Bet: the second day of the week, Monday (since the letter bet often represents the number two);

Hei: the fifth hour (since hei represents five);

Reish-Daled: 204 halakim (“parts,” a smaller measure of time, based on the idea that reish=200, daled=4).

The calculation of BeHaRD is discussed in a work attributed to Rabbi Yossi, Seder Olam (“Order of the World”), which is also sometimes called Seder Olam Rabbah in order to distinguish it from a work of similar name (the later Gaonic work, Seder Olam Zuta).

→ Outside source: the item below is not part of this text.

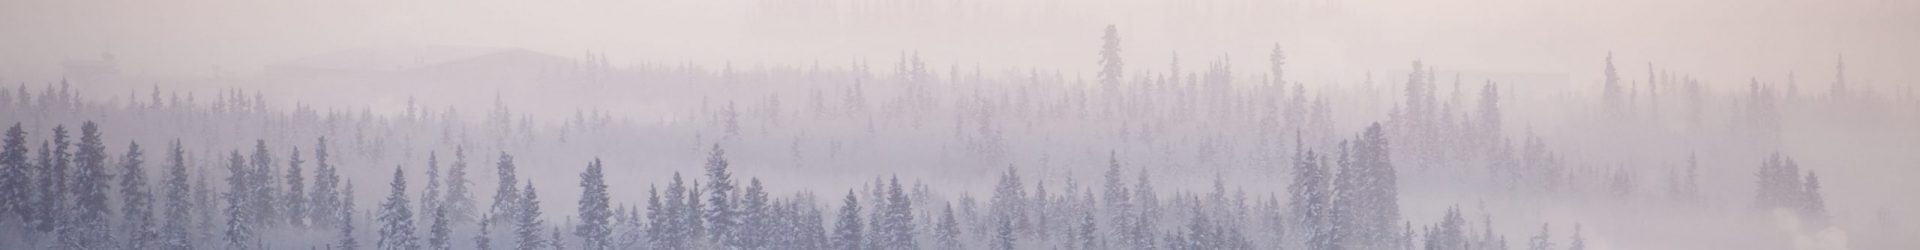 Fairbanks Winter Air Study

Innumerable scholars, both Jewish and Christian, have attempted to calculate the date of Creation. Even if they used the same basis (Tanakh, the Hebrew Bible) for their systems of accounting, there is a broad range among their estimates. The historian des Vignoles stated in the introduction to his treatise on chronology that he had found well over 200 different calculations of the time from the birth of the world to the fall of the Second Temple, and that they varied by as much as 3,500 years. Well into the rule of Queen Victoria of England the most commonly given date for Creation was the year 4004 B.C.E., calculated by Bishop Usher, who published this date in 1654.

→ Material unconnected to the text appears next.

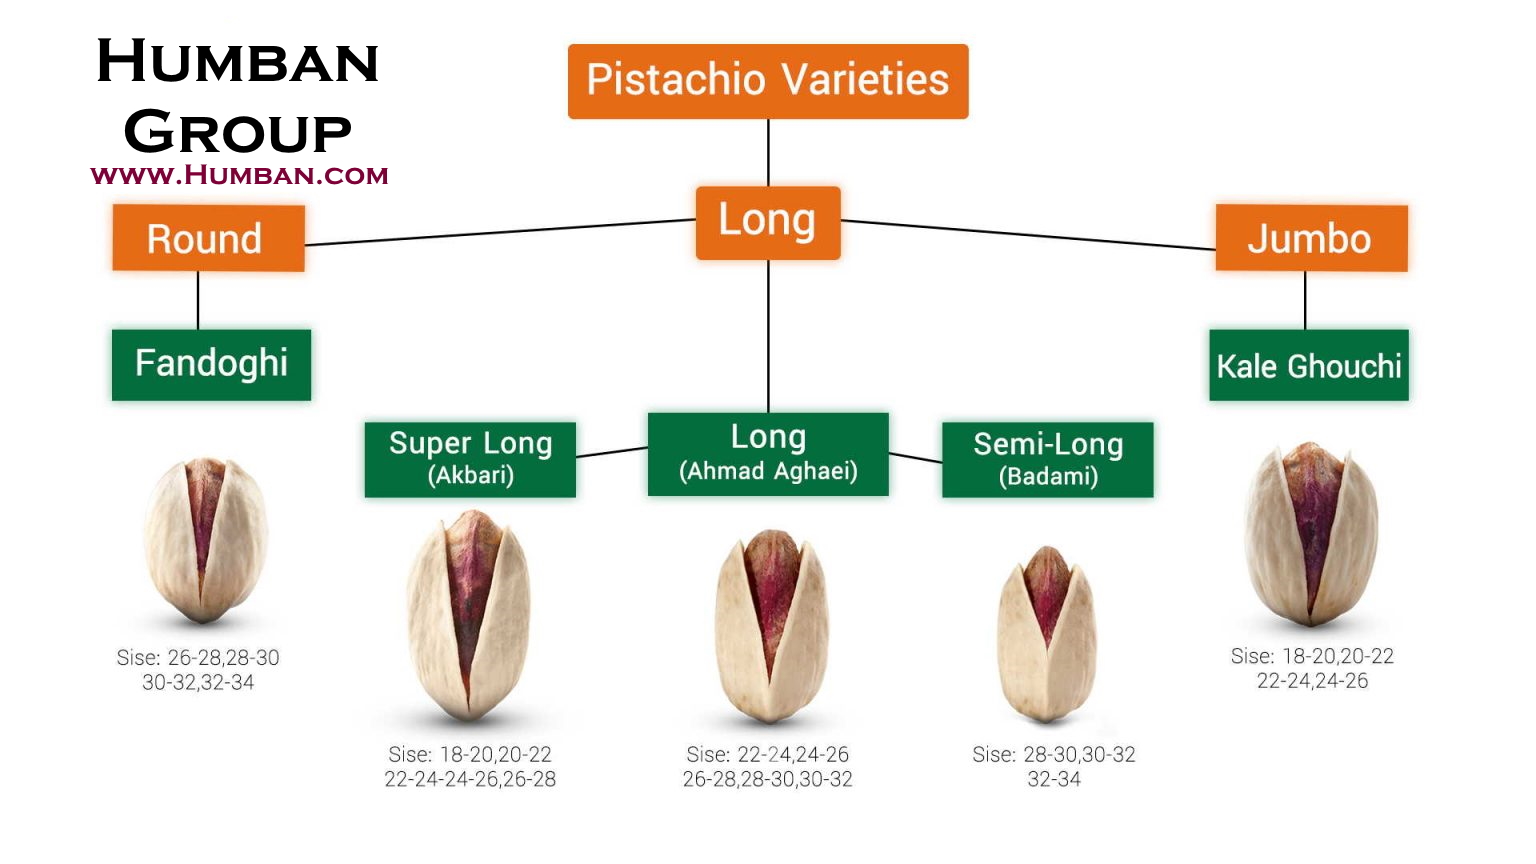 Pistachios varieties

To this day, those Jews who believe the biblical accounting of time to be literal still accept Rabbi Yossi’s calculation, dating Creation to the year 3761 B.C.E. Others claim that the date is figurative, symbolic, or holds esoteric meaning. In calculating BeHaRD, Rabbi Yossi tried to justify disparate accountings from the following sources: the chronologies of Samuel, Kings, and Chronicles; those of the Second Temple kingdoms, in rabbinic histories passed down to the Talmud and found in the Babylonian Talmud, Avodah Zarah 9a and 10a; and the prophecies of Jeremiah and Daniel.

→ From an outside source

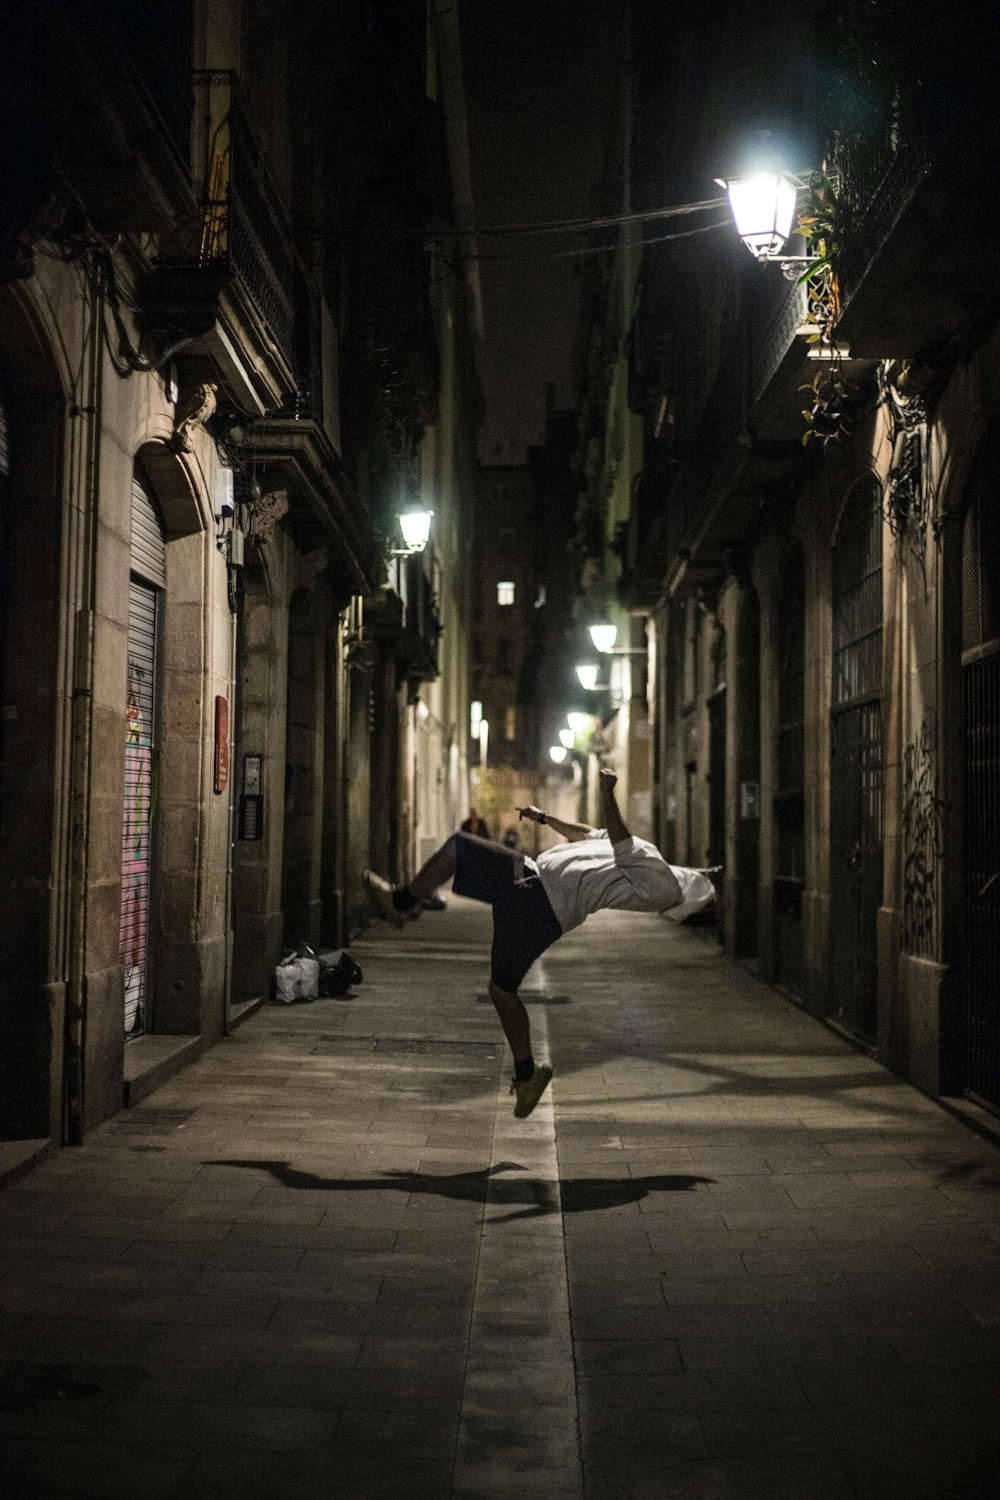 man doing acrobat trick on street

Some academics compare the Genesis accounting of dates with those of the Greeks, Chaldeans (including the Babylonians), Egyptians, and Hindus. The Chaldeans, Egyptians, and Hindus used enormous figures, into the millions of years, to explain the timeframe of Creation. The ancient Hebrews and Greeks seemed unwilling to deal in such large numbers. Both peoples ascribed Creation to a date closer to their own times. This may indicate either a political agenda (consciously or subconsciously communicating a cultural chauvinism) or may simply be a simplification for the purpose of clarity.

It is possible that there is a direct correlation between the seven days of Creation mentioned in Genesis and a specific Babylonian system, which would suggest that each Genesis “day” represents a specific number of solar years.

Establishment of the Mundane Era

The Seleucid and Mundane Eras coexisted for numerous centuries. Most often, Rav Sherira Gaon — the last Gaon, the head of the academies in Babylonia in the centuries following the editing of the Talmud — is given the credit for suggesting the use of BeHaRD as the basis for a chronological system, in the 10th century C.E.

Maimonides (1135-1204 C.E.) at times used multiple eras, giving a date first according to the years following the destruction of the Second Temple, then according to the Seleucid Era, and finally according to the Mundane Era. This suggests that no single system had achieved universal acceptance by the 13th century.

The Seleucid Era continued to be used in parts of the Arab world until quite late. Among Egyptian Jewry, it was the dominant system used until Rabbi David ibn Abi Zimra discontinued its use in the 16th century C.E.; in parts of the Arabian Peninsula, it was used alongside the Mundane Era as late as the 19th century.